Tehlikeli suçlular ve terörist savaşçılar
Ne devlet sınırlarına ne de devlet bakanlıkları ile ulusal güvenlik, kamu güvenliği ve düzeninden sorumlu kolluk kuvvetleri arasındaki resmi, yerleşik yetki ve görevlere saygı duymaktadır.
Eyalet sınırları benzersiz, doğası gereği çeşitli, ayrı karakterlere sahip ve ulusal bir bölgeyi tanımlamaktadırlar. Sınırlar; kara, su ve hava olmak üzere üç kategoriye ayrılmaktadır. Siber suç ise, sınır güvenliği ve yönetimi bağlamında, dördüncü kategori olarak kolluk kuvvetlerinin odağına giderek daha fazla girmektedir. Bağımsız ulus terimi, diğer tanımların yanı sıra, bir devletin, kendi sınırlarının geçişlerini etkin bir şekilde kontrol edip edemeyeceği ve aynı zamanda denetleyebileceği ve yönetebileceği modern ve güvenli bir devlet öz algısı ile de tanımlanır.
Organize suç grupları ve terörist savaşçılar, aslında genellikle, daha düşük risk alarak daha yüksek suç işleyebilmelerine fırsat veren, sınırlardaki boşlukları hedef alırlar. Her hükümetin, sınır güvenliğiyle ilgili öncelikleriyle, mümkün olan en etkili ve verimli şekilde başa çıkabilmesi için kaynaklarını uyumlu hale getirebilmesi gerekmektedir. Bu gerçek ışığında, tüm uzmanların, terörizm ve sınır ötesi organize suçla ilgili en ciddi tehditleri ele alarak işbirliği içinde ve uyumlu bir şekilde çalışmaları ihtiyacı devam etmektedir.

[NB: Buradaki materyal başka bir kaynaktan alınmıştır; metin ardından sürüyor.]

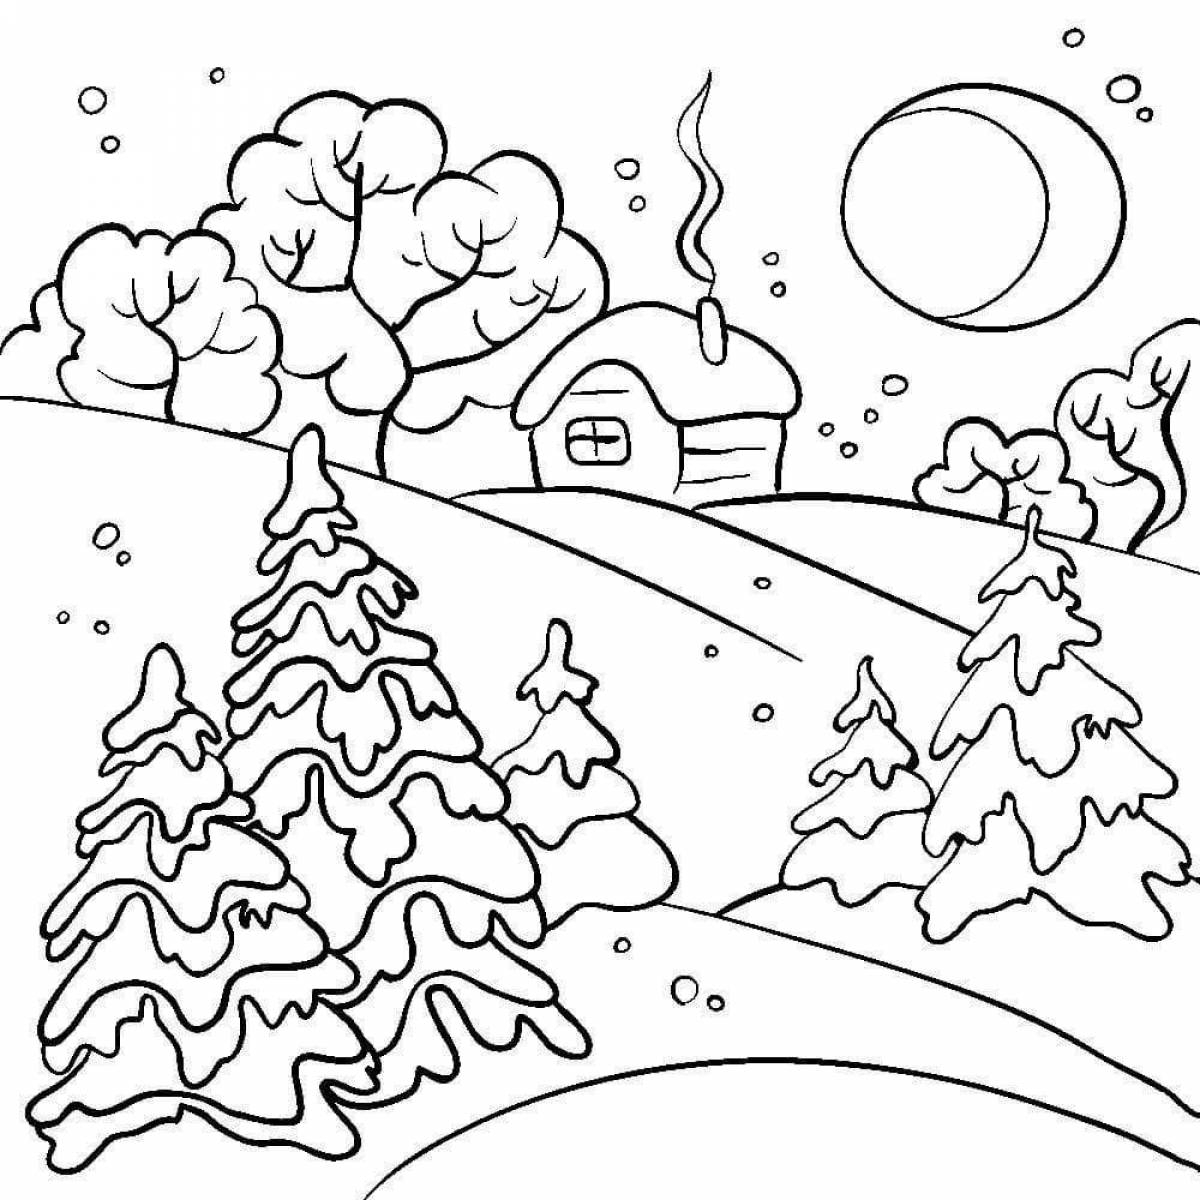 Colouring bright winter forest for children

Entegre sınır yönetimi, politik, güvenlik, sosyo-ekonomik, çevresel ve kültürel hususlar açısından, bağımsız her devletin, sınırlarını kontrol etmek, incelemek ve güvence altına almak amacıyla en iyi uygulamaları ve en modern standartları seçme konusunda olağanüstü bir sorumluluğudur. Genel olarak devletler, uluslararası hukuka, özellikle de uluslararası insan hakları, mülteci ve beşeri hukuka uygun olarak sorumlu davranmakta kararlılardır.
Kişilere, mal ve hizmetlere erişim, yasallık ilkesinin tutarlı bir şekilde uygulanmasına ve yerel yargı yetkisini güçlendirmek için etkili kontrol mekanizmalarının uygulanmasına dayalı olarak düzenlenmeli ve kontrol edilmelidir. Bu nedenle, bağımsız devlet faaliyetleri kurum içi, kurumlar arası ve uluslararası düzeyde bölge, personel, iletişim, teknoloji, ekipman, eğitim ve işbirliği ile doğrudan ilişkilidir.
21. yüzyılda, globalleşme süreciyle birlikte gelişen güvenlik ortamı, uluslarötesi nitelikteki güvenlik ve istikrara yönelik yeni tehdit boyutları ve zorluklar yaratmaktadır. Bu durum, yakın işbirliği ve kapsamlı, çok boyutlu, kolektif ve iyi koordine edilmiş stratejiler ve eylem planları gerektirmektedir.